_EXERCISE AIM_. Determine the number of lines in the following entries that hold the word "taille". Give only that number.

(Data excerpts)
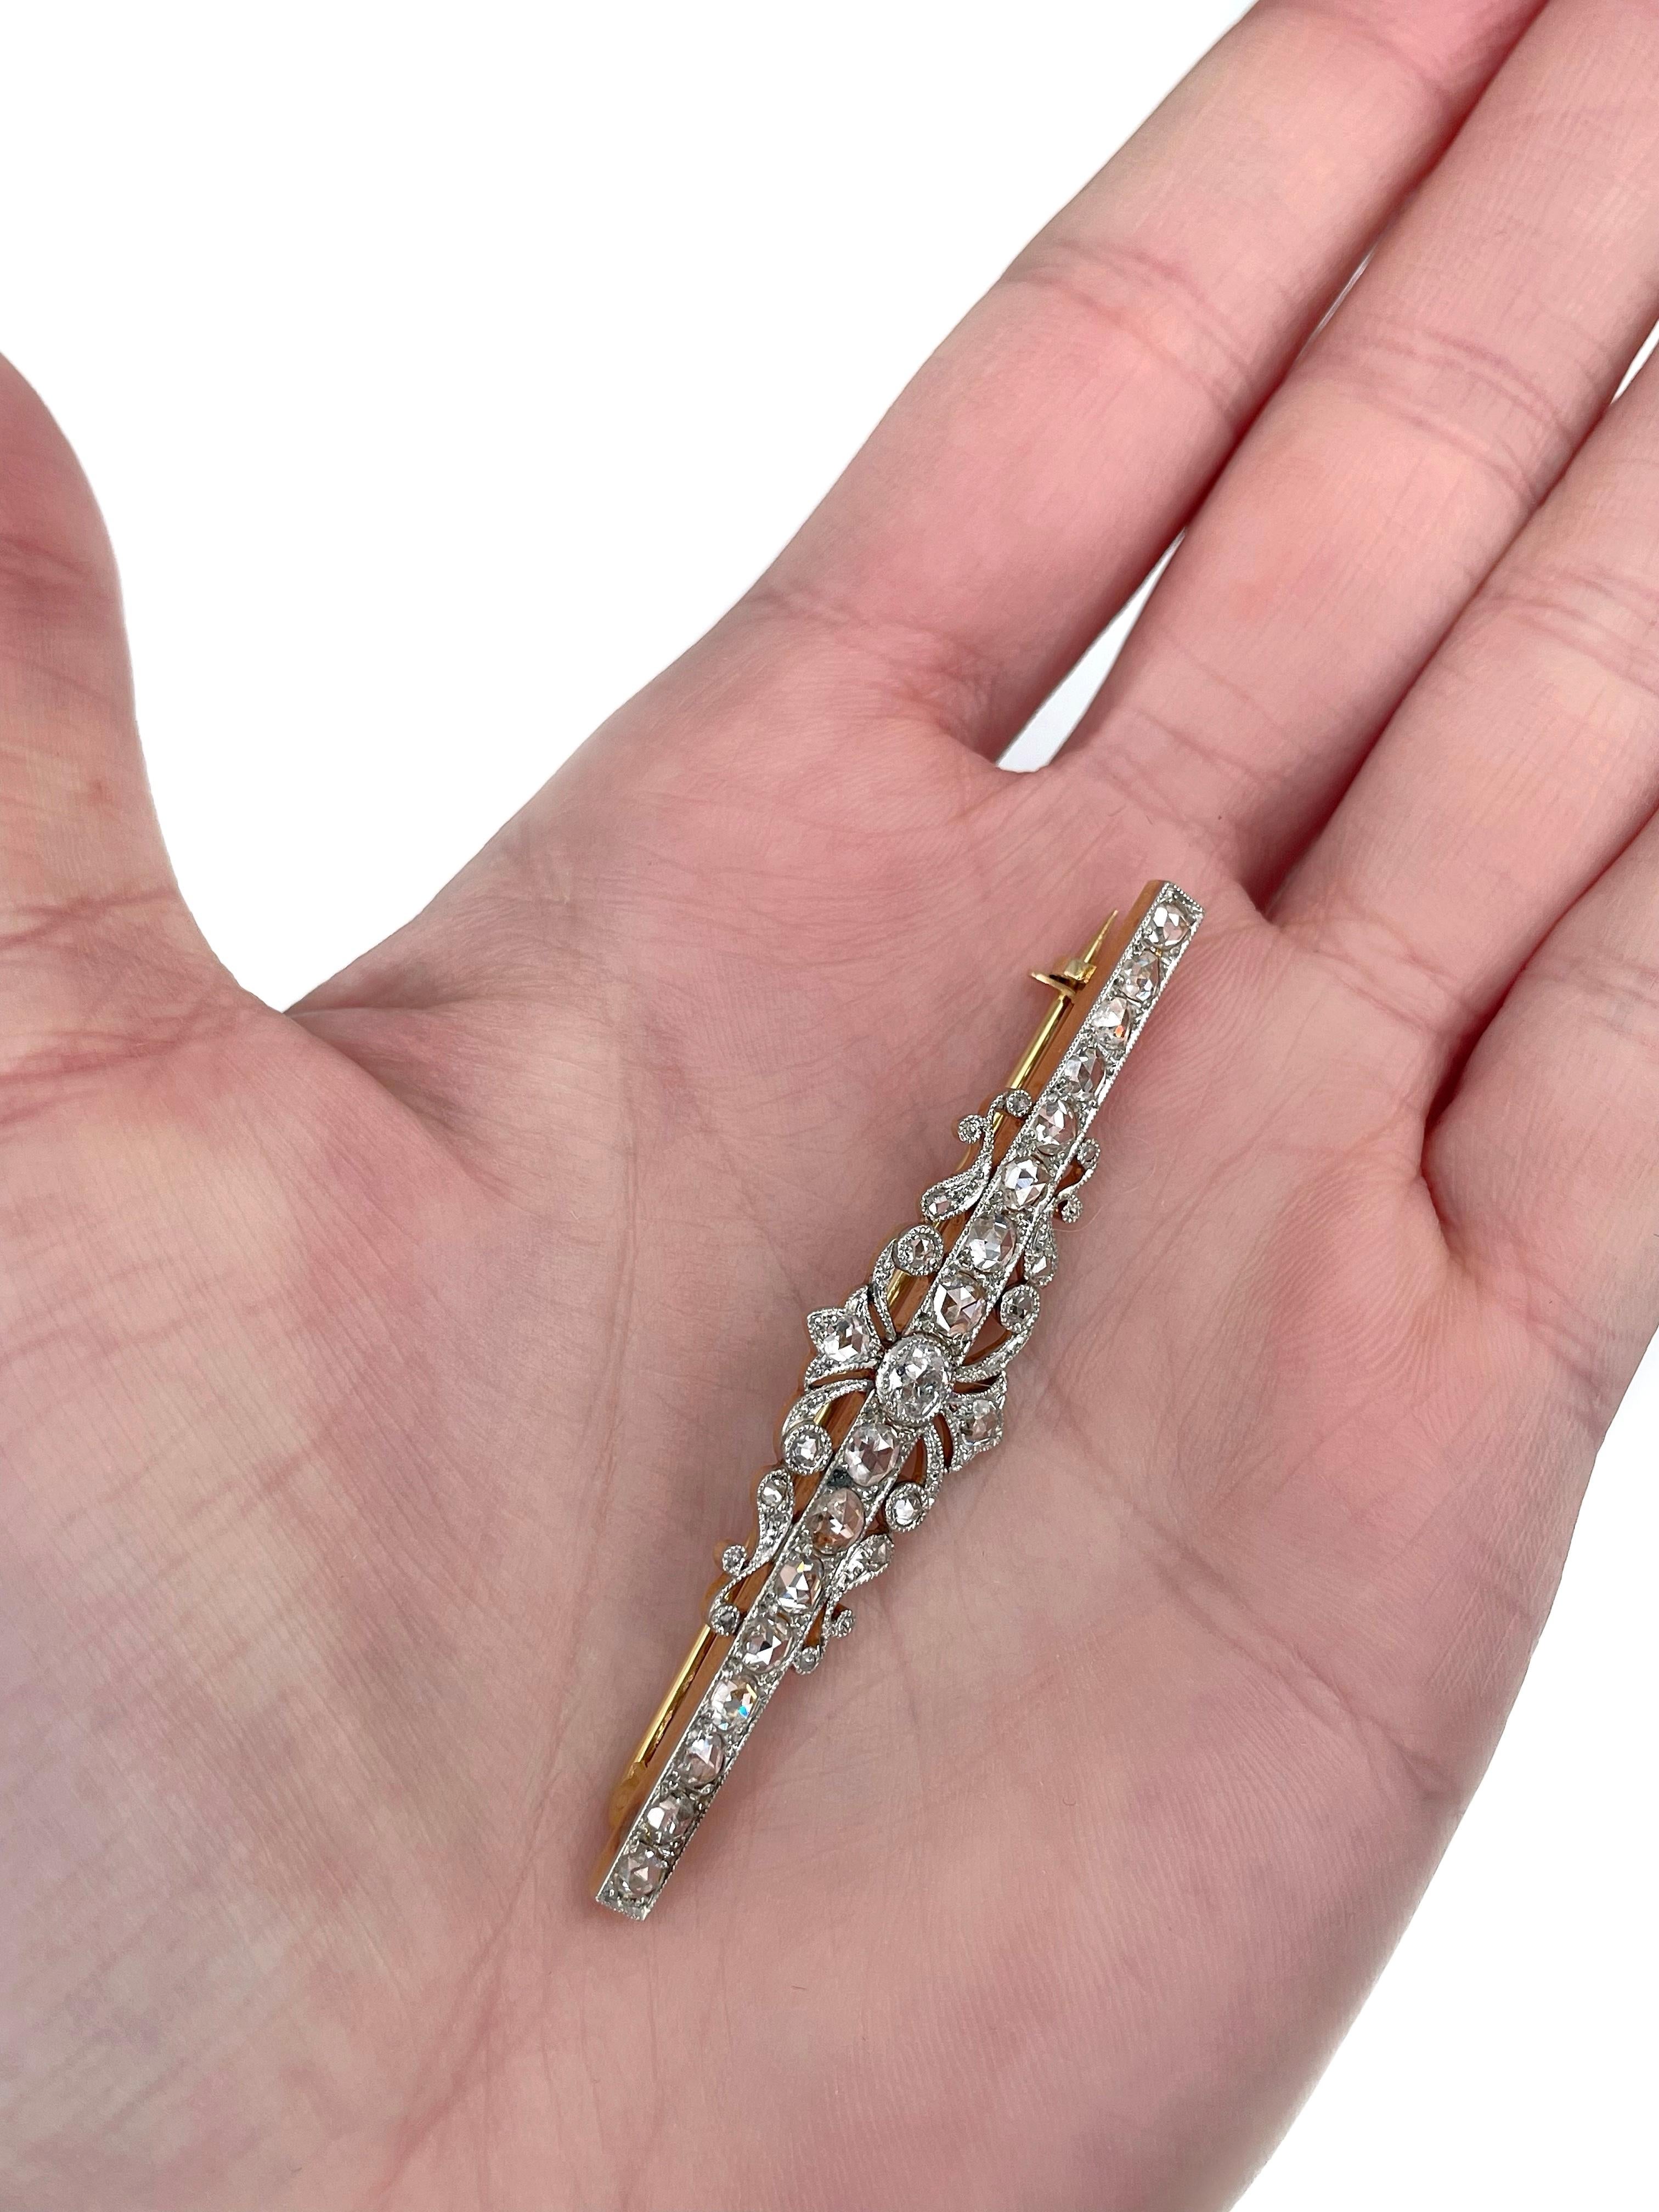 Il s'agit d'une broche édouardienne en or 14 carats, ornée de Pt900. Vers 1910.

La pièce comporte des diamants (TW 1.92ct) :
- 1 diamant (taille européenne ancienne, 0,22ct, RW-W, P2)
- 30 diamants (taille rose, TW 1,70ct, W-STW, VS-SI) 

Poids :
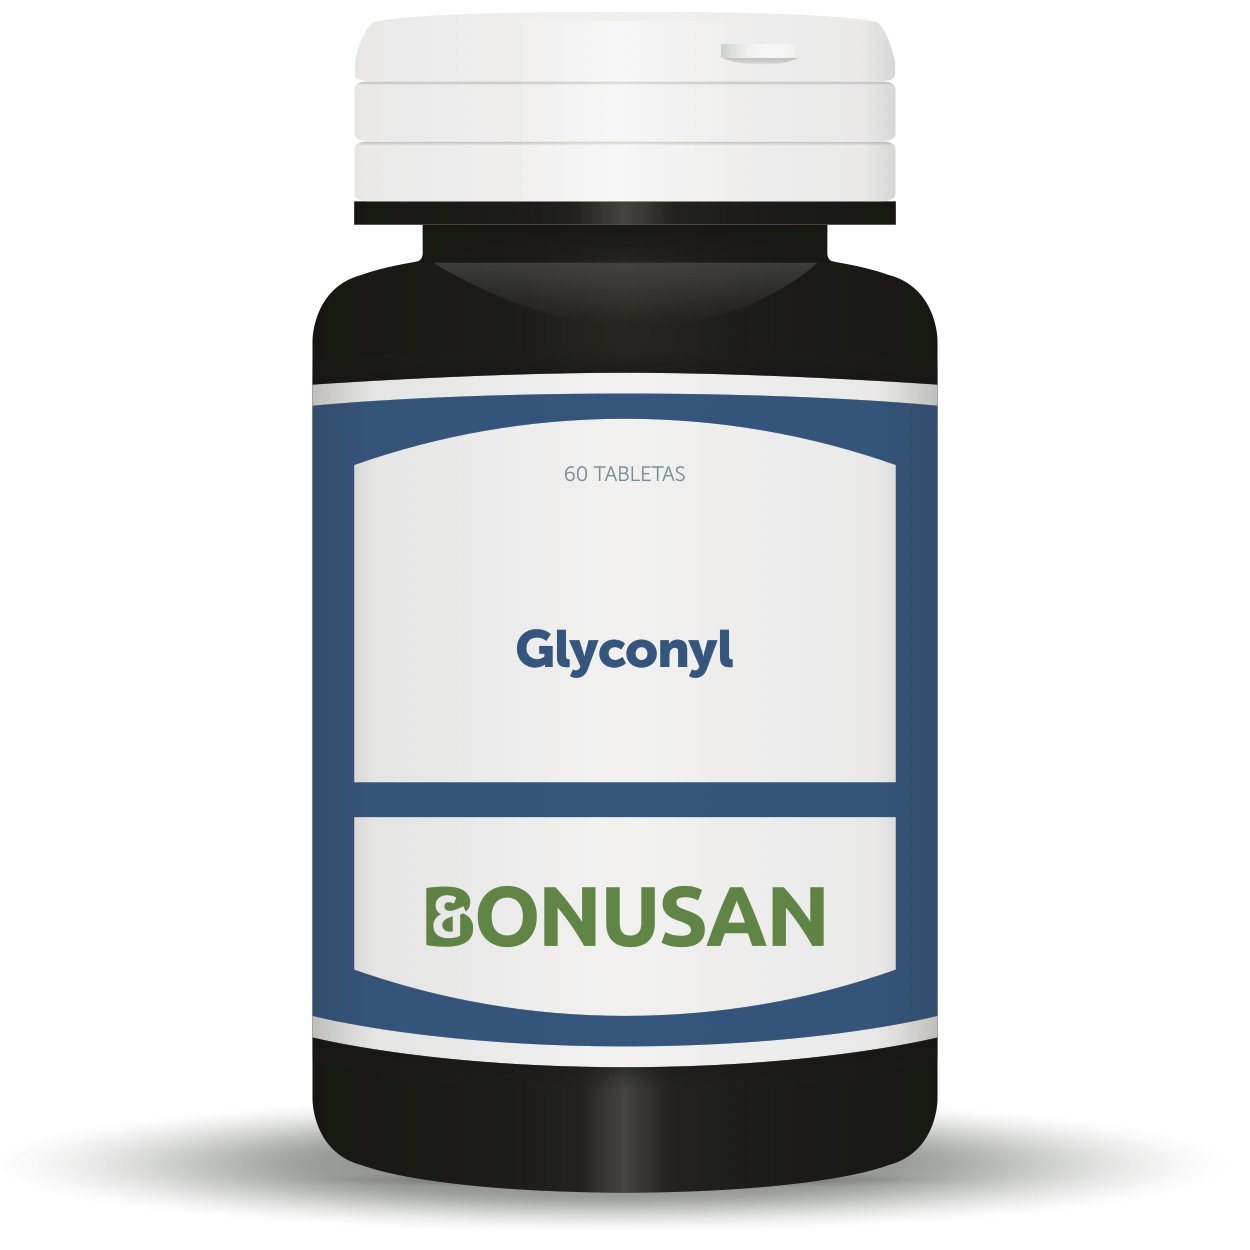 Glyconyl 60 Tabletas | Bonusan - Dietetica Ferrer
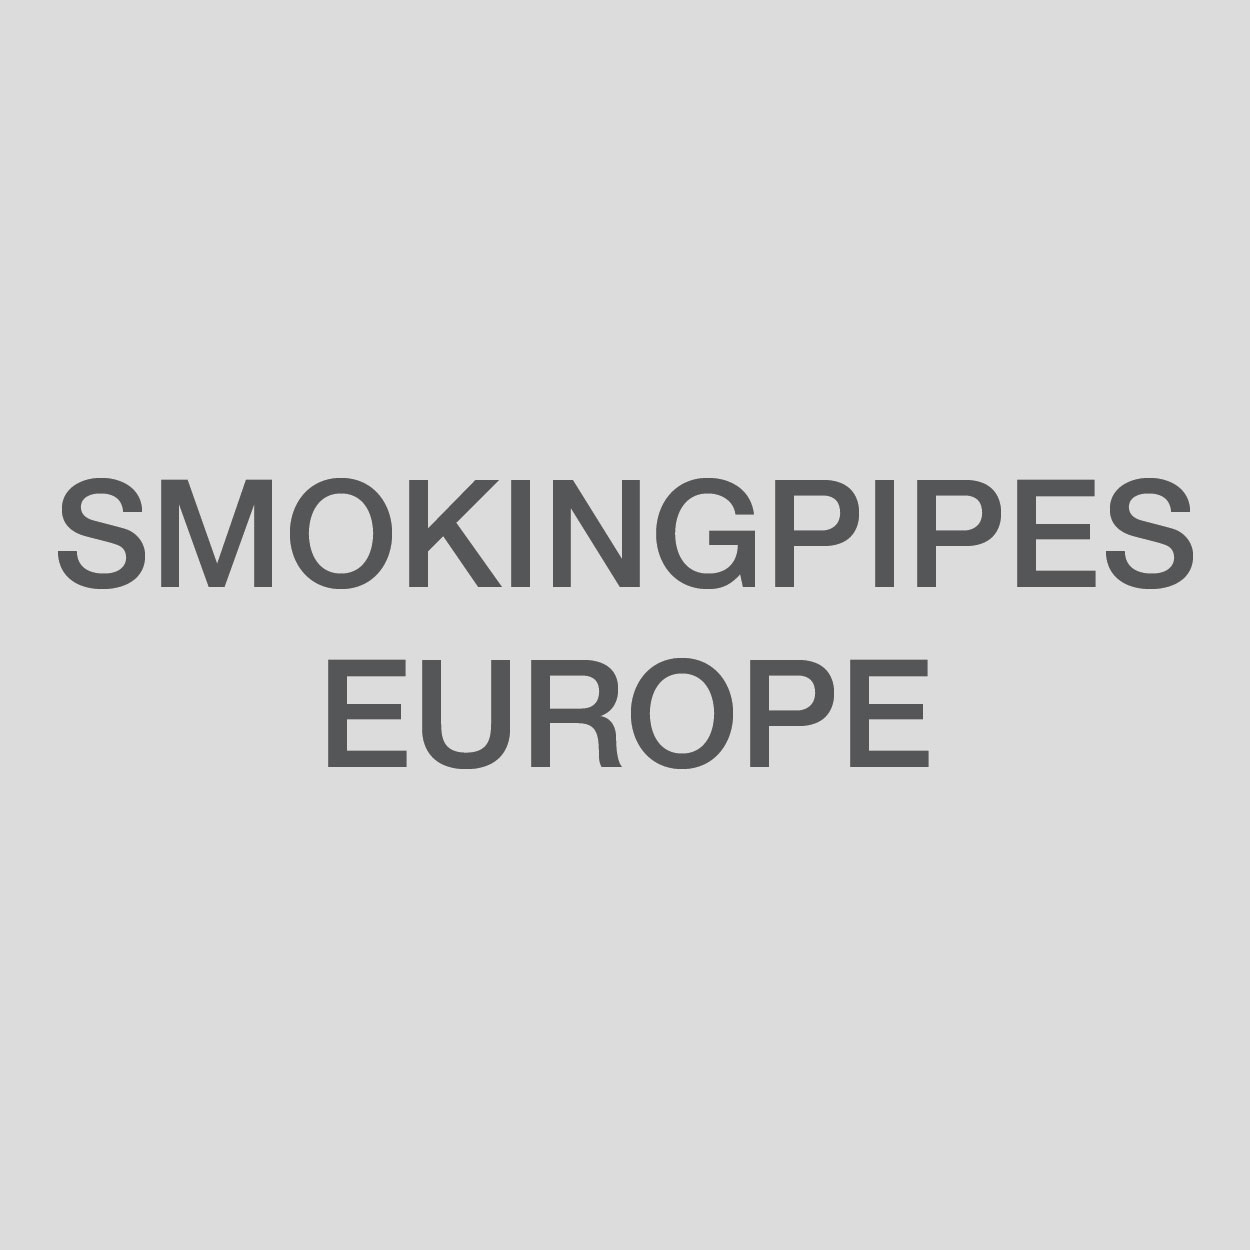 Smokingpipes Europe

_SOLUTION FOR THIS EXERCISE_. 2